((
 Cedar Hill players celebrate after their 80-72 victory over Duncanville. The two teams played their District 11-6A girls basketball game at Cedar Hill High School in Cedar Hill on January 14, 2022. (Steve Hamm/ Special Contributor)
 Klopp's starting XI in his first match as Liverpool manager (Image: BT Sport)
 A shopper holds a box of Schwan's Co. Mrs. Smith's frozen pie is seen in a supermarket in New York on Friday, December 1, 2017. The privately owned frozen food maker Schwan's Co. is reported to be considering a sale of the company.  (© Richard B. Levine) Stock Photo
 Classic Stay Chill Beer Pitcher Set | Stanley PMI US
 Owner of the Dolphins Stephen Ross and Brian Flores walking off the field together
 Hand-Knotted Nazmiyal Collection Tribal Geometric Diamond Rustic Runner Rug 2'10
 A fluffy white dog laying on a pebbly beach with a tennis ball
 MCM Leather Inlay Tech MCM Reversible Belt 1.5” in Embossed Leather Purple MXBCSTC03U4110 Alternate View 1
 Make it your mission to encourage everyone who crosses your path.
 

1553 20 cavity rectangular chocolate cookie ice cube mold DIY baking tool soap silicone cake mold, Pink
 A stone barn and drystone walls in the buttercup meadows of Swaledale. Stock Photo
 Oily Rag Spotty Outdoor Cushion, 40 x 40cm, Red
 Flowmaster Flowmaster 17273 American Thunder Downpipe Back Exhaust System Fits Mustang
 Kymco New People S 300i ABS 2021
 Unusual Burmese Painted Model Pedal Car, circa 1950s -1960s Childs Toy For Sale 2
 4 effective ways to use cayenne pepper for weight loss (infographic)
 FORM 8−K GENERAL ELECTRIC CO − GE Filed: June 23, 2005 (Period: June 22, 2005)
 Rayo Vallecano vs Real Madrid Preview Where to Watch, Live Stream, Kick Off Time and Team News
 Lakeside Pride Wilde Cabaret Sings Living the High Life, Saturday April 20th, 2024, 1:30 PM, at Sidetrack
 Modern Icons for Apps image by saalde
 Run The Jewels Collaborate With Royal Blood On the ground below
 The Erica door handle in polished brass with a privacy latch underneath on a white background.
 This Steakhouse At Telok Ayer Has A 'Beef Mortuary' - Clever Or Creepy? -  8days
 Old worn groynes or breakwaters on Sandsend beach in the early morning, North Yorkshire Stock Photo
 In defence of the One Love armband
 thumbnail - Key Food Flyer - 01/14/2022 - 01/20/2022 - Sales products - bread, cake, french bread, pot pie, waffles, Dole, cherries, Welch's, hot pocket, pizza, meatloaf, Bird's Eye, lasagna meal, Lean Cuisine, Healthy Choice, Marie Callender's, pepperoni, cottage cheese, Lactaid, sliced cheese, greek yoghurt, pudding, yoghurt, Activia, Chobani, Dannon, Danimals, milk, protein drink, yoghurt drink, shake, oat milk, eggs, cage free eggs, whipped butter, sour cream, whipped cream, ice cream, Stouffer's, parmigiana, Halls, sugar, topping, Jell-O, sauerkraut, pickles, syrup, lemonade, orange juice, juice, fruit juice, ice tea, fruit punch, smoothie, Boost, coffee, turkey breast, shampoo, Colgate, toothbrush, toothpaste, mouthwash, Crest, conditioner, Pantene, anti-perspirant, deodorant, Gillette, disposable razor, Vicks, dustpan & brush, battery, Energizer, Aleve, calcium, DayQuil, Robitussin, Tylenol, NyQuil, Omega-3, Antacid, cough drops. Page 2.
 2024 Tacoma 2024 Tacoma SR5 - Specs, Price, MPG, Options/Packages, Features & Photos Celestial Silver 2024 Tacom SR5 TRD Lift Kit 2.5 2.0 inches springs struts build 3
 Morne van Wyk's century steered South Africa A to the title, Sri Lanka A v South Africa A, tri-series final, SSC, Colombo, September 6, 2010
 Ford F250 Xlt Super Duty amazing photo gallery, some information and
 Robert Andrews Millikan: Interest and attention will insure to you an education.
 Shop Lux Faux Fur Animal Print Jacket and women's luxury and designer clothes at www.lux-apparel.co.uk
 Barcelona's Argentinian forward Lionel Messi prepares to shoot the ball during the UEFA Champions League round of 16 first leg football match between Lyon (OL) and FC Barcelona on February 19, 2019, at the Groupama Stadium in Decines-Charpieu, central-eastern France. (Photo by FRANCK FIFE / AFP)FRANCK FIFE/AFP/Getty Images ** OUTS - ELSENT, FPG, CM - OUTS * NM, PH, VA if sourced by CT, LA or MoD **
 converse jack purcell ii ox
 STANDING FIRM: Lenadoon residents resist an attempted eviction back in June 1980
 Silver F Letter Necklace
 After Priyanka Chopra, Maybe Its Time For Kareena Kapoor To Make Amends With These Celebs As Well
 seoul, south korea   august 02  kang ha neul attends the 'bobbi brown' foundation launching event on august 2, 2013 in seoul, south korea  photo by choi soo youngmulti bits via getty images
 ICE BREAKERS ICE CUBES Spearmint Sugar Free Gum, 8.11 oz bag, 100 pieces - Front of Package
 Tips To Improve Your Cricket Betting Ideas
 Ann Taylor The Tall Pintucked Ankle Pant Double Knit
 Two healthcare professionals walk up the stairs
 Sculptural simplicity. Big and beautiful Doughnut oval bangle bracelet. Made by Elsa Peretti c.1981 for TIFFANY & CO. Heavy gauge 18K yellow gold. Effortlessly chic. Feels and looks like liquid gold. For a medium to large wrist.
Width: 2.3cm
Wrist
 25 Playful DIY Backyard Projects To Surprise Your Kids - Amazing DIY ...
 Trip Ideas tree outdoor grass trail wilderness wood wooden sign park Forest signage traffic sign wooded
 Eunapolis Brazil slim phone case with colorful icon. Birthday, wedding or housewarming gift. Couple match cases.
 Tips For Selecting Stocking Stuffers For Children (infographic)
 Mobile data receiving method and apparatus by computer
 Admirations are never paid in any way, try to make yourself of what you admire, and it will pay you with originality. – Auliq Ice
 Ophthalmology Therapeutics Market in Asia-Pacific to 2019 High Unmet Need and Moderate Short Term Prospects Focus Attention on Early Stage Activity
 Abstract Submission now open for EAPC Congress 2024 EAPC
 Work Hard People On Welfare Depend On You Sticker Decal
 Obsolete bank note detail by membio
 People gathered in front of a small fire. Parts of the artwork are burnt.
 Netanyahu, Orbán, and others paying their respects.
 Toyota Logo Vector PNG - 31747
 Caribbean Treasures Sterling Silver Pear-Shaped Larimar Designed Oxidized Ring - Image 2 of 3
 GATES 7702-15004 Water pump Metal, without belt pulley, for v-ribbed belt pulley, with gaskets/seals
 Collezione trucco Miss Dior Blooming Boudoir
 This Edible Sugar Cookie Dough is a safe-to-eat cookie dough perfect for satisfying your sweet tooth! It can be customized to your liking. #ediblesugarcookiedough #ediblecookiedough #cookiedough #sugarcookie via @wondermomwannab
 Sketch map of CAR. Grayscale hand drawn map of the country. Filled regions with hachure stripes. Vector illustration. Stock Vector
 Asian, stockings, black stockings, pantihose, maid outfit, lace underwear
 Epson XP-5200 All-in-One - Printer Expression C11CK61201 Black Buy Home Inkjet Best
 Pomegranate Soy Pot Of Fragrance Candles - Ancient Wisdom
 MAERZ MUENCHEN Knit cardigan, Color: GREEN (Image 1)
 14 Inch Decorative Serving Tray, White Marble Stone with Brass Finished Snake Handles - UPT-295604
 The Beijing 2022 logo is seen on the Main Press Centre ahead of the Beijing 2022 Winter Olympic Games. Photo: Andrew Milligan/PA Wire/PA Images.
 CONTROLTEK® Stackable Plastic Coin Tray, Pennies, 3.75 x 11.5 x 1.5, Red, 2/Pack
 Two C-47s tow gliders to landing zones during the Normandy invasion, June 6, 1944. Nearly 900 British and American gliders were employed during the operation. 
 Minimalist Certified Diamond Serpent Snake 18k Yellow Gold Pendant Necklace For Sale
))
ABOUT THIS TASK:
Begin with the first line of the records and finish with the line containing "Classic Stay Chill". Reproduce those lines exactly, both ends included, and nothing else.

ANSWER BELOW:
 Cedar Hill players celebrate after their 80-72 victory over Duncanville. The two teams played their District 11-6A girls basketball game at Cedar Hill High School in Cedar Hill on January 14, 2022. (Steve Hamm/ Special Contributor)
 Klopp's starting XI in his first match as Liverpool manager (Image: BT Sport)
 A shopper holds a box of Schwan's Co. Mrs. Smith's frozen pie is seen in a supermarket in New York on Friday, December 1, 2017. The privately owned frozen food maker Schwan's Co. is reported to be considering a sale of the company.  (© Richard B. Levine) Stock Photo
 Classic Stay Chill Beer Pitcher Set | Stanley PMI US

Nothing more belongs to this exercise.